None of the 12 normal- and disease-control muscle biopsies contained conformational or PHF-1 immunoreactive tau. This first demonstration of conformational tau in s-IBM, because of its abundance in non-atrophic muscle fibers, suggests that it might play an early role in s-IBM PHFs formation and thus be pathogenically important. (C) 2011 Elsevier Ireland Ltd. All rights reserved.”
“Objective: The Levitronix CentriMag (Levitronix LLC, Waltham, Mass) ventricular assist system
is designed for temporary left, right, or biventricular support. Advantages include ease of use, excellent reliability, and low thrombosis risk,. which may allow wider application of short-term support and improved outcomes in patients with Romidepsin in vivo cardiogenic shock.

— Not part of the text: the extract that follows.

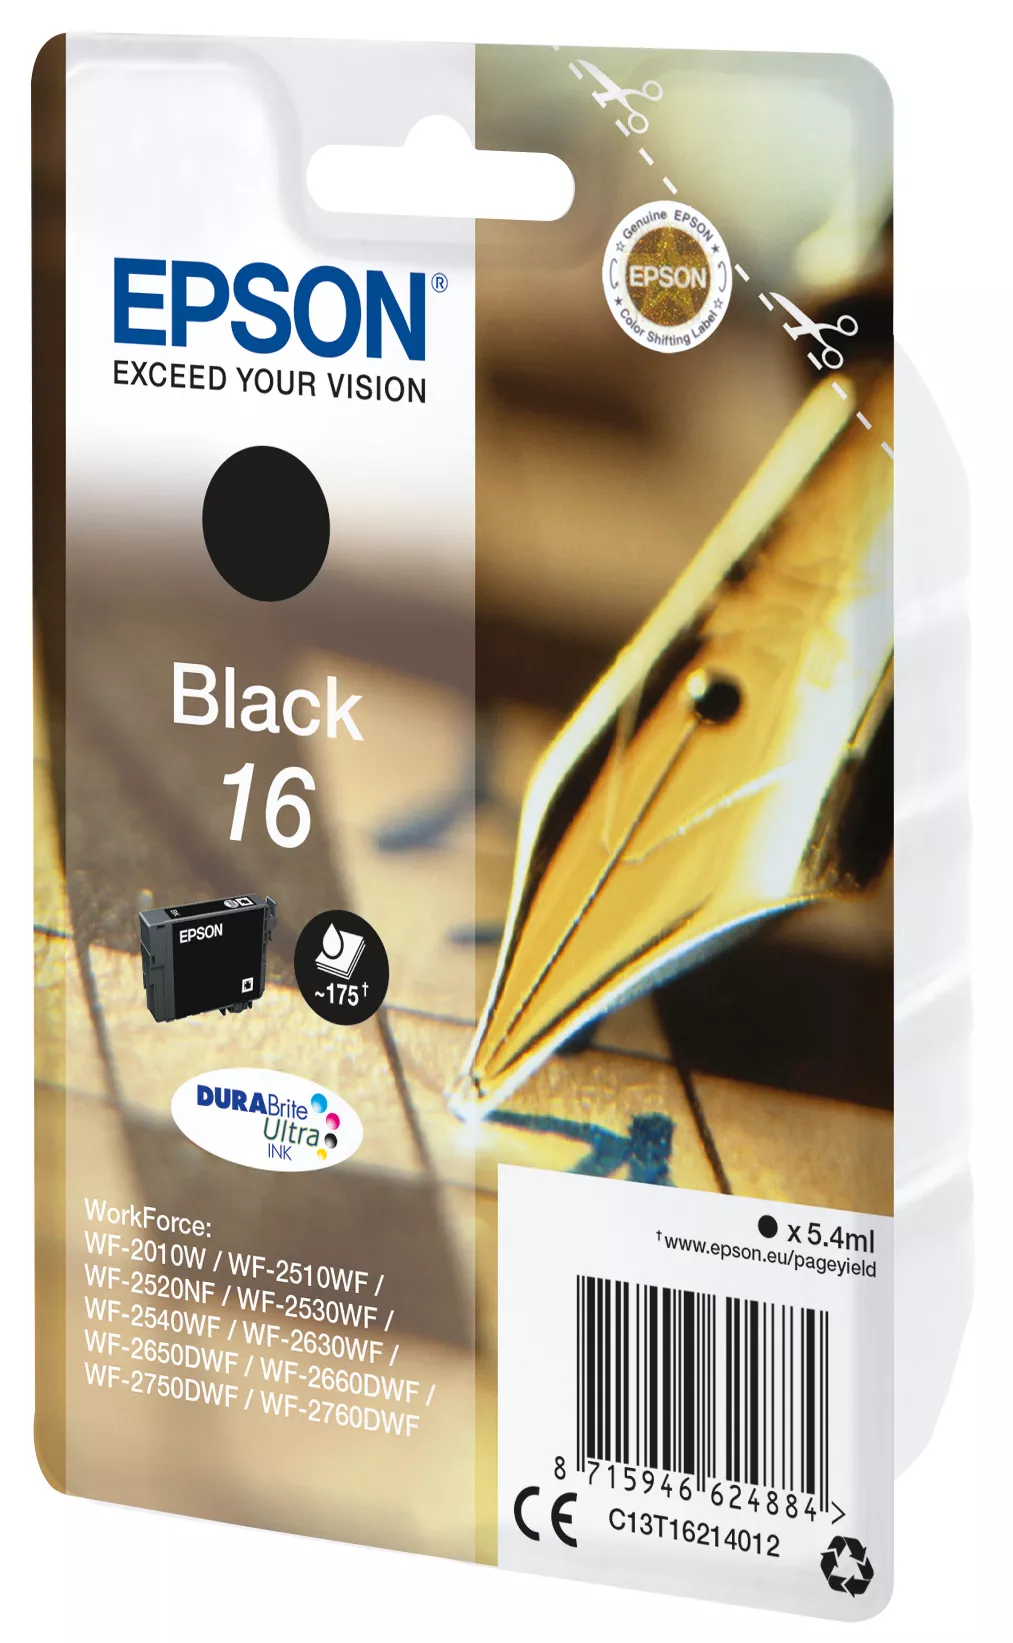 Vente EPSON 16 cartouche encre noir capacité standard 5.4ml Epson au meilleur prix - visuel 2
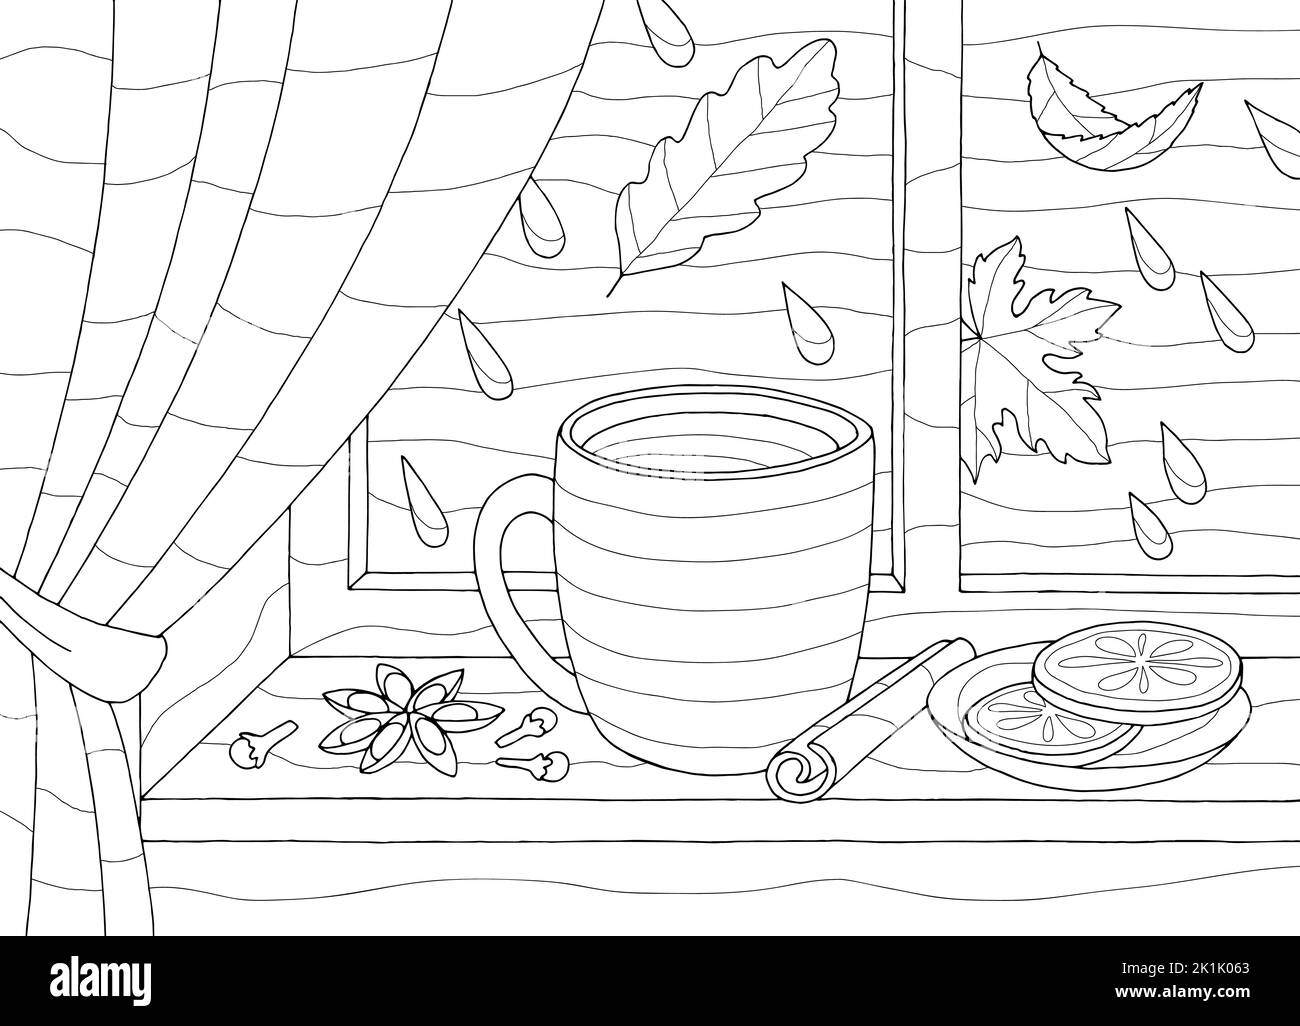 Herbst Fenster Malbuch Grafik schwarz weiß Skizze Illustration Vektor Stock Vektor

This multi-institutional study evaluated
safety, effectiveness, and outcomes of the CentriMag in patients with cardiogenic shock.
Methods: Thirty-eight patients were supported at 7 centers. Patients included 12 after cardiotomy, 14 after myocardial infarction, and 12 with right ventricular failure after implantable left ventricular assist device placement. Devices were implanted in left (n = 8), right (n = 12), or biventricular (n = 18) configuration. Support was continued until recovery, transplantation, or implantation U0126 ic50 of long-term ventricular assist device.
Results: Mean support duration for the entire cohort (n = 38) was 13 days (1-60 days), with 47% of patients (18/38) surviving 30 days after device removal. Mean CentriMag biventricular support (n = 18) duration was 15 days (1-60 days), with 44% (8/18) surviving at 30 days. Mean CentriMag right ventricular support with a commercially available
left ventricular assist device (n = 12) duration was 14 days (1-29 days), with 58%(7/12) surviving at 30 days. Complications included bleeding (21%), infection (5%), respiratory failure (3%), hemolysis (5%), and for neurologic dysfunction (11%). There were no CentriMag or pump failures.
Conclusions: In this preliminary study, the CentriMag provided short-term support for patients with cardiogenic shock with a low incidence of device-related complications and no device failures. (J Thorac Cardiovasc Surg 2011;141:932-9)”
“Huntington disease (HD) is caused by the expansion of polyglutamine (polyQ) repeats in the amino-terminal of hungtintin (htt). PolyQ-expanded htt forms intracellular ubiquitinated aggregates in neurons and causes neuronal cell death. Here, utilizing a HD cellular model, we report that Tollip, an ubiquitin binding protein that participates in intracellular transport via endosomes, co-localizes with and stimulates aggregation of polyQ-expanded amino-terminal htt. Furthermore, we demonstrate that Tollip protects cells against the toxicity of polyQ-expanded htt.